Reimagining Arbitration

Richard Chernick, Esq.

Richard Chernick, Esq.

By Richard Chernick, Esq.

The rapid growth of commercial arbitration has not been without drawbacks.  As counsel have become more sophisticated in dispute process design, arbitrations now often incorporate many elements of a court trial.  Litigation constructs such as detailed pleadings, broad-based discovery, provisional relief, dispositive motions and formal rules of evidence are often now a part of arbitration.  The inevitable consequence of these changes has been increased expense and delay.

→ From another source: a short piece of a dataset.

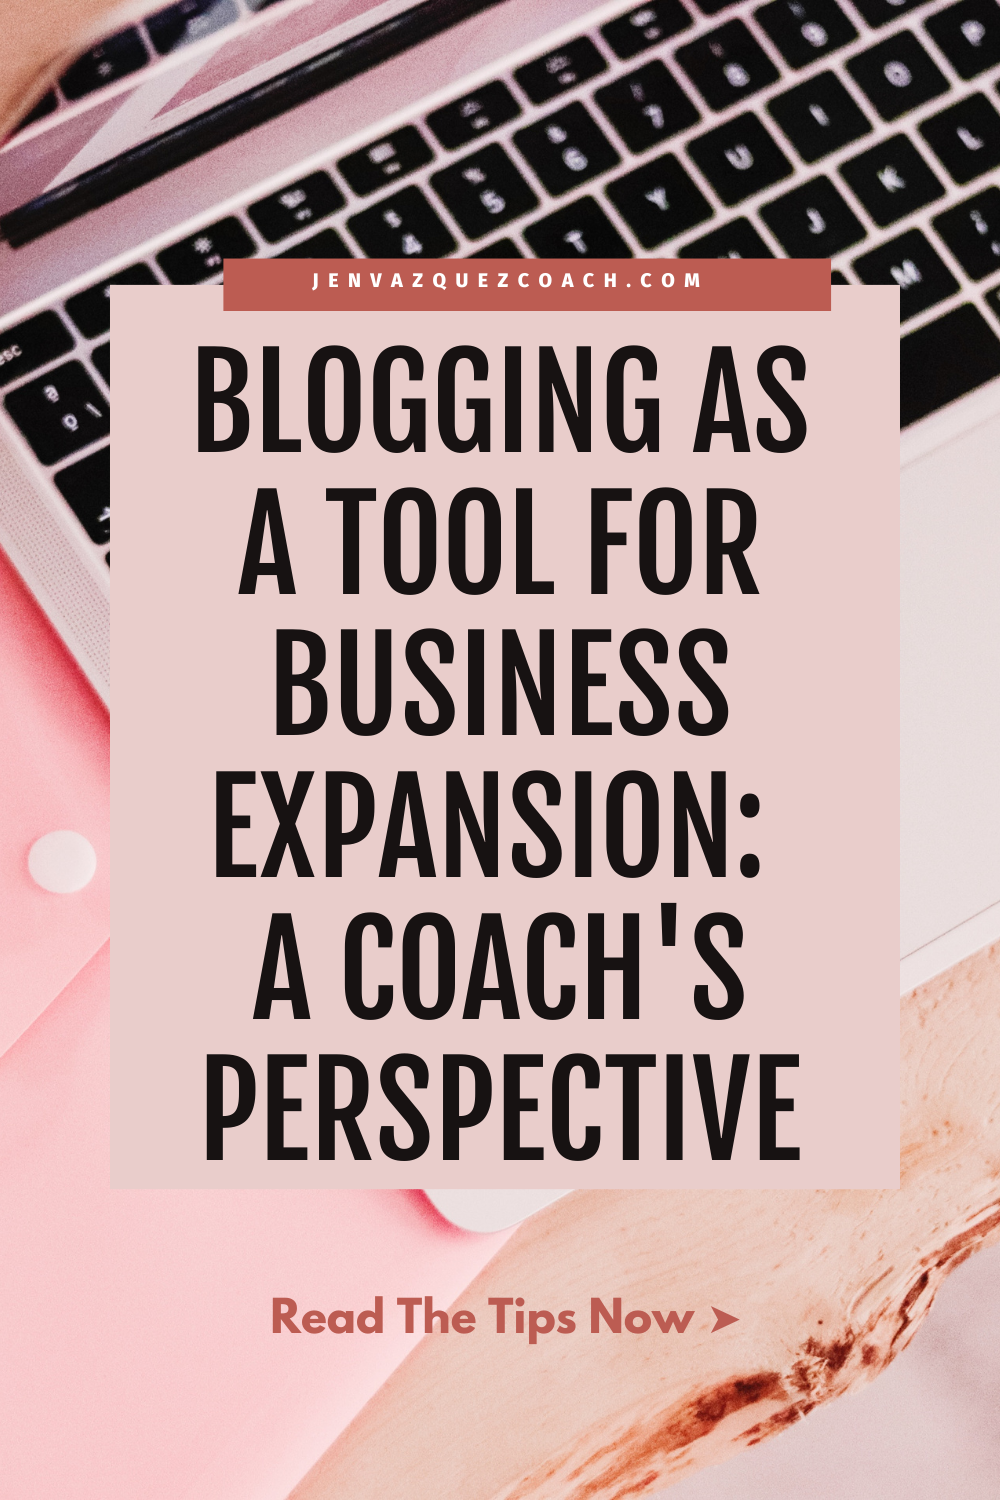 Blogging for Business Growth  A Guide for Business Coaches pins blog by Jen Vazquez Media

To preserve the benefits of arbitration, it is necessary to address this issue from several perspectives, starting with the arbitration clause.  A thoughtful process usually should include a negotiation or mediation step, reasonable limits on the scope of discovery, overall time limits on the arbitration, and the designation of one rather than three arbitrators whenever possible.

Limitations on discovery are crucial. The administering institution selected in the clause, and its rules, will initially define the scope of discovery.  The clause may add restrictions or additions to rules-based discovery.  The key is to choose a discovery process that is proportionate to the magnitude of the dispute, limit excessive e-discovery and give the arbitrator power to assure a reasonable scope of discovery.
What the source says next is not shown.